Soirée de soutien au Décolonial Film Festival Projection de courts-métrages, discussions, concert & DJ set !

Le Décolonial Film Festival en Audito couplé à Radio Campus Paris au Forum de la Gaîté : cette soirée propose de mettre en images l'histoire de la colonisation et de mettre en mots la représentation des migrations, des médias à la musique. 

Pour permettre la mise en œuvre de la troisième édition du Decolonial Film Festival du 11 au 24 mai 2026, la Gaîté accueille une soirée de soutien pour lever des fonds qui financeront l'édition à venir. 

Projection de courts-métrages

Arthur Balfour & me 
de Charlotte Cornic et Fatima Helow (11')
Voyage intimiste dans le temps, ce court-métrage fait le lien entre les actions de l’ancien ministre des Affaires étrangères du Royaume-Uni, Arthur J. Balfour, qui signa en 1917 la « Déclaration Balfour » pour officialiser le soutien britannique à la création d’un foyer national juif en Palestine, et leurs répercussions sur la vie de Fatima, une jeune Palestinienne née en 1971 dans un camp de réfugiés au Liban et aujourd’hui demandeuse d’asile à Glasgow.

Mawtini
de Marianne Barakat (24')
Marianne rencontre Julia à Paris en Novembre 2023. Julia a sept ans, une maman palestinienne, et filme son quotidien au caméscope. Ses images se mélangent alors à celle de Marianne, pour raconter l’histoire d’une enfance qui tente de rester insouciante sous le poids d’une violence vécue à distance.

Notre mémoire 
de Johanna Makabi (12')
Mbissine Thérèse Diop a joué le rôle principal dans le premier long métrage d’Ousmane Sembène, La Noire de..., sorti en 1966. Aujourd’hui, elle revient sur son expérience d’actrice noire dans les années 1960.

Mille soleils
de Mati Diop (45') 
En 1972, Djibril Diop Mambety tourne Touki Bouki. Quarante ans plus tard, Mille soleils enquête sur l'héritage personnel et universel que représente Touki Bouki. Que s'est-il passé depuis ? Magaye Niang, le héros du film, n'a jamais quitté Dakar. Et aujourd'hui, le vieux cowboy se demande où est passée Anta, son amour de jeunesse. Histoires de famille, d'exil et de cinéma se croisent entre la sphère de l'intime et celle du mythe.

Concerts

➜ 20h50 / Forum
Thérèse (Radio Campus)
Musicienne, DA / styliste, modèle et conférencière engagée, Thérèse tatoue dans le réel son conte des mille et une vies. Son projet artistique est libre, métissé, populaire et exigeant. Entrez dans un voyage existentiel, fluide et hybride mêlant pop / hip-hop / électro en anglais, français et mandarin.


➜ 21h30 / Bar
Élisa b2b Thémis

Martiniquaise, Élisa allie pratique musicale et culture émancipatrice. Le péyi comme boussole, elle profite de ces moments de partage pour mettre en valeur la richesse de la Caraïbe. Ses sets se transforment toujours en un gros sound system caribéen. 

À propos

Le Decolonial Film Festival est une plateforme culturelle qui diffuse des films sur l’histoire de la colonisation, des systèmes de pouvoir, et des mouvements de résistance. La programmation du festival en mai est composée d’un comité de plus d’une quinzaine d’organisations antiracistes, diasporiques, féministes et queer, qui sélectionnent et présentent des films en échange avec le public.

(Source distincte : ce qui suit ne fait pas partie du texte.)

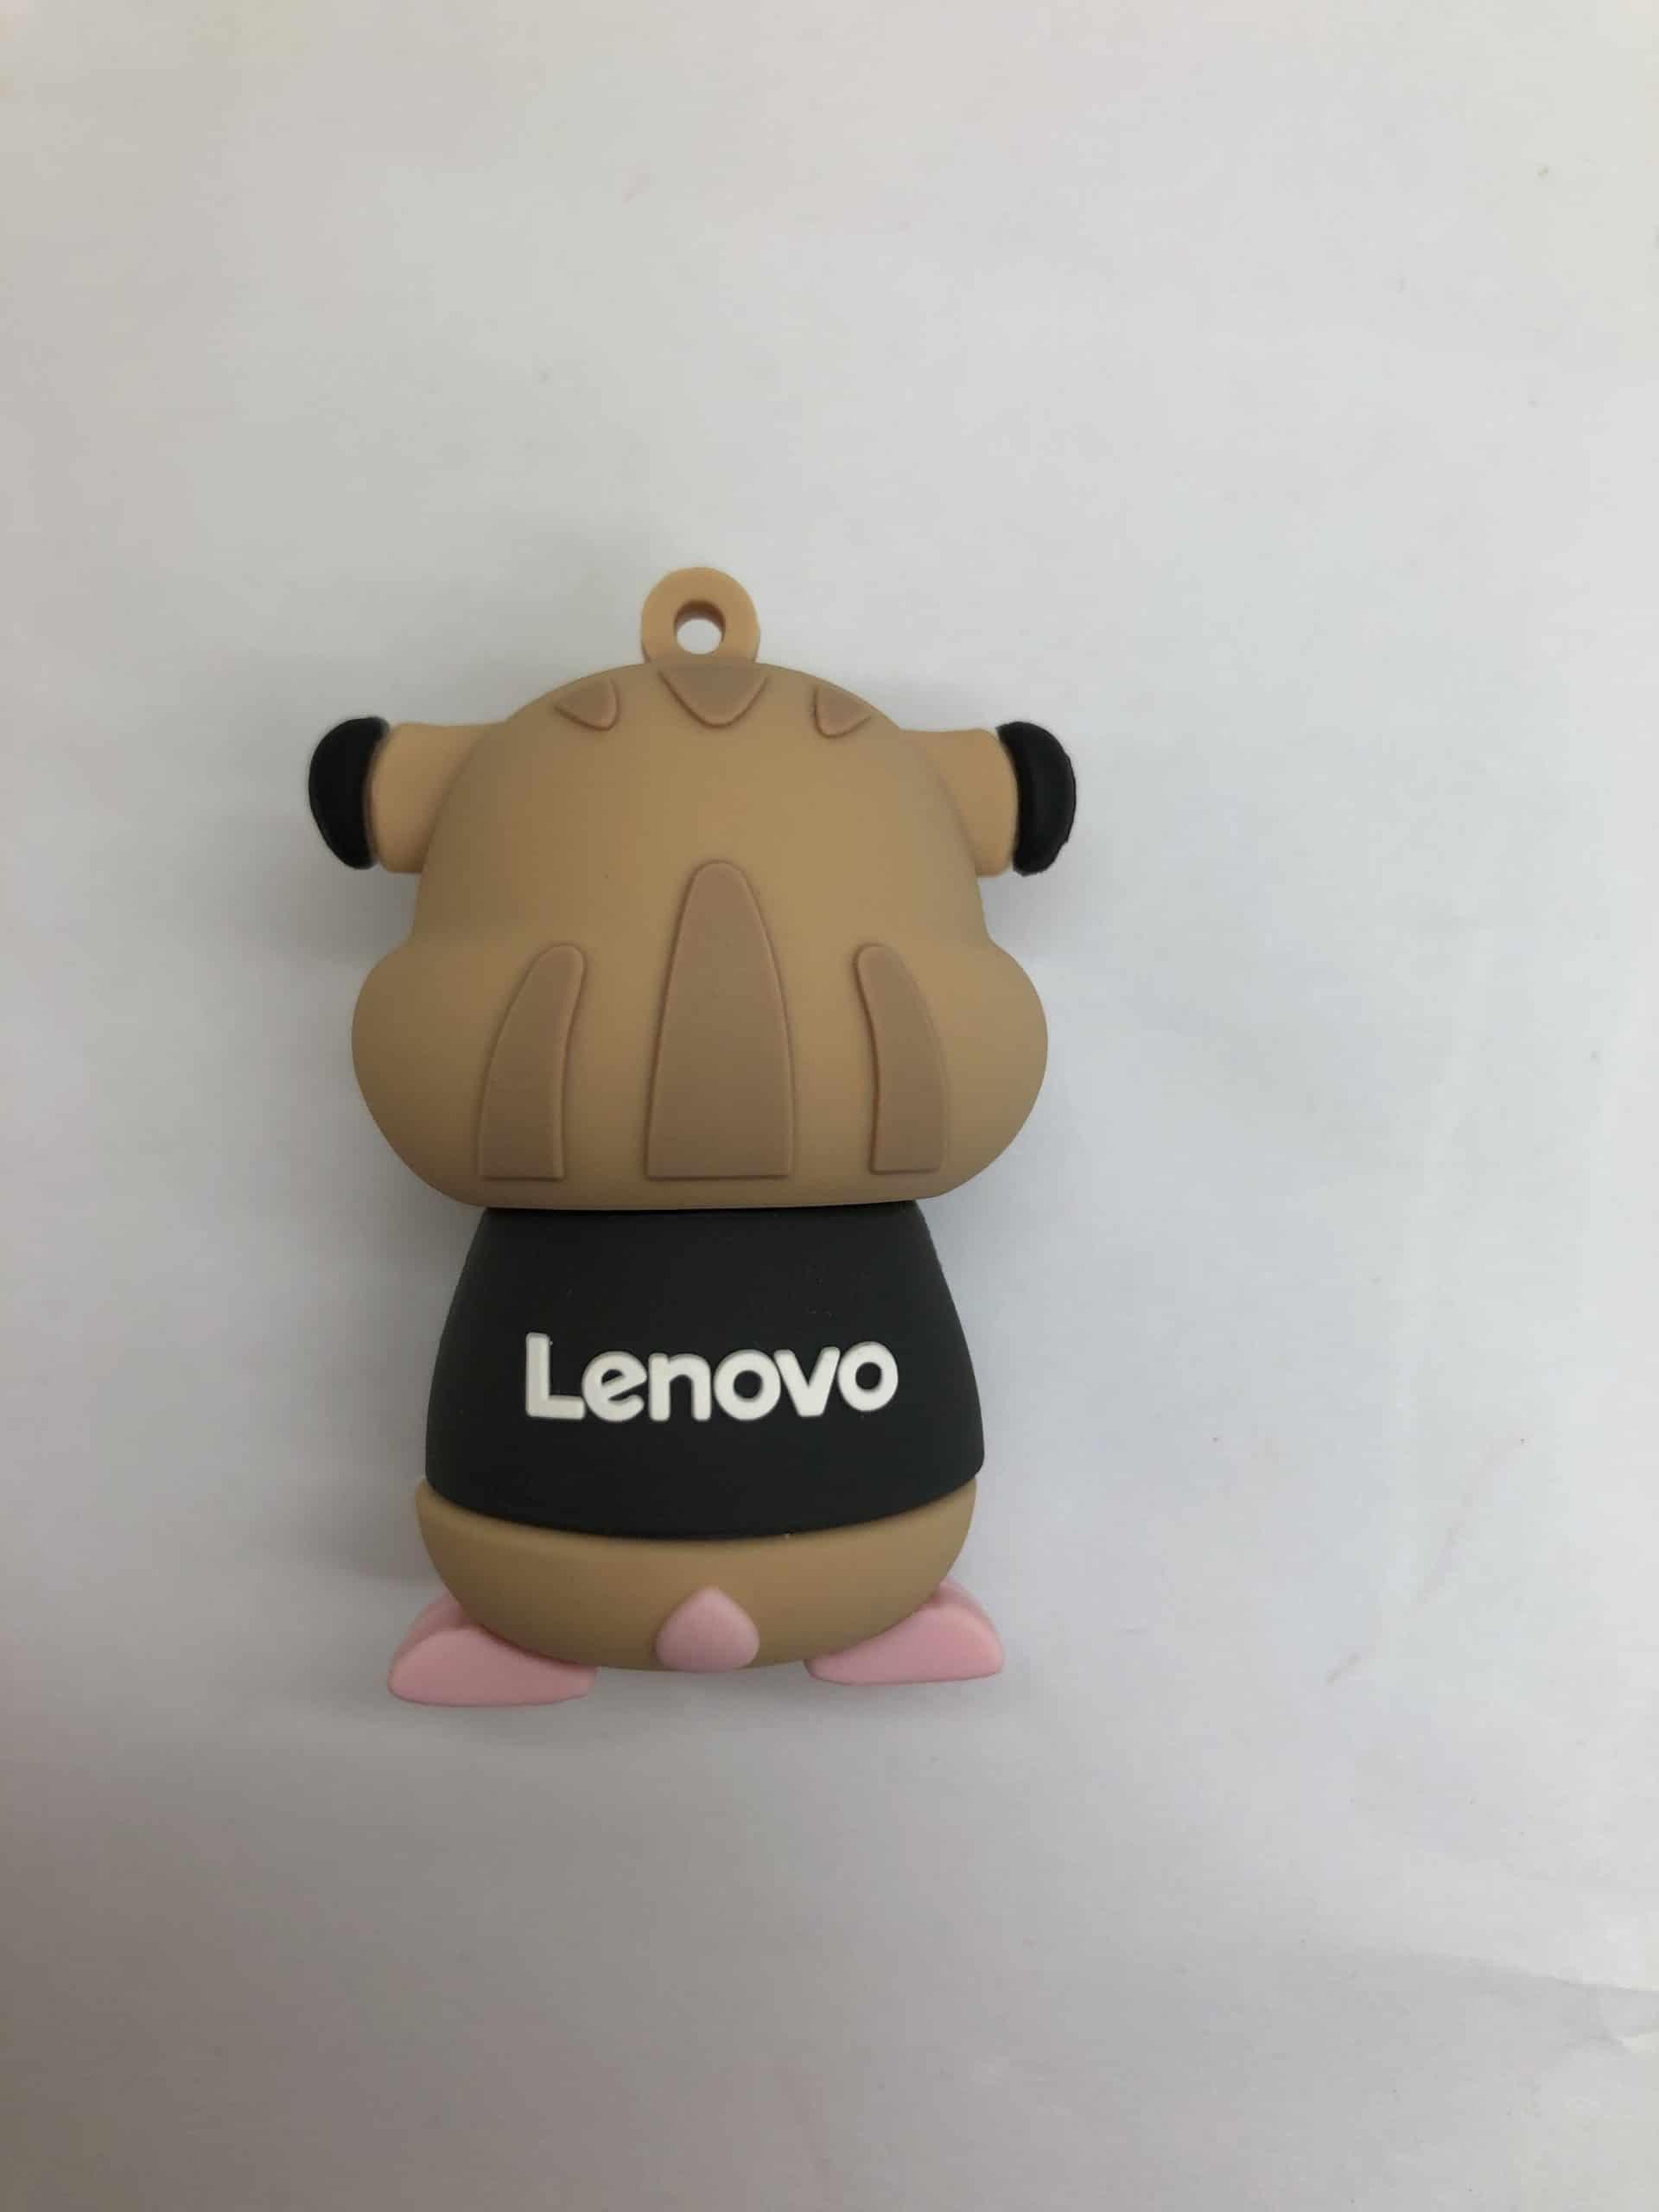 แฟลชไดร์ฟยางหยอด Lenovo

L’objectif est de rendre les notions décoloniales accessibles en dehors des niches académiques et militantes par le biais du cinéma. À travers la projection de films et l’organisation de ciné-débats, le festival a pour vocation d’inspirer l’action collective et l’engagement solidaire en fédérant différentes communautés. Afin de maintenir une autonomie politique, le DFF fonctionne indépendamment de subventions de l’État, et fait donc appel à la solidarité du public pour soutenir son projet culturel.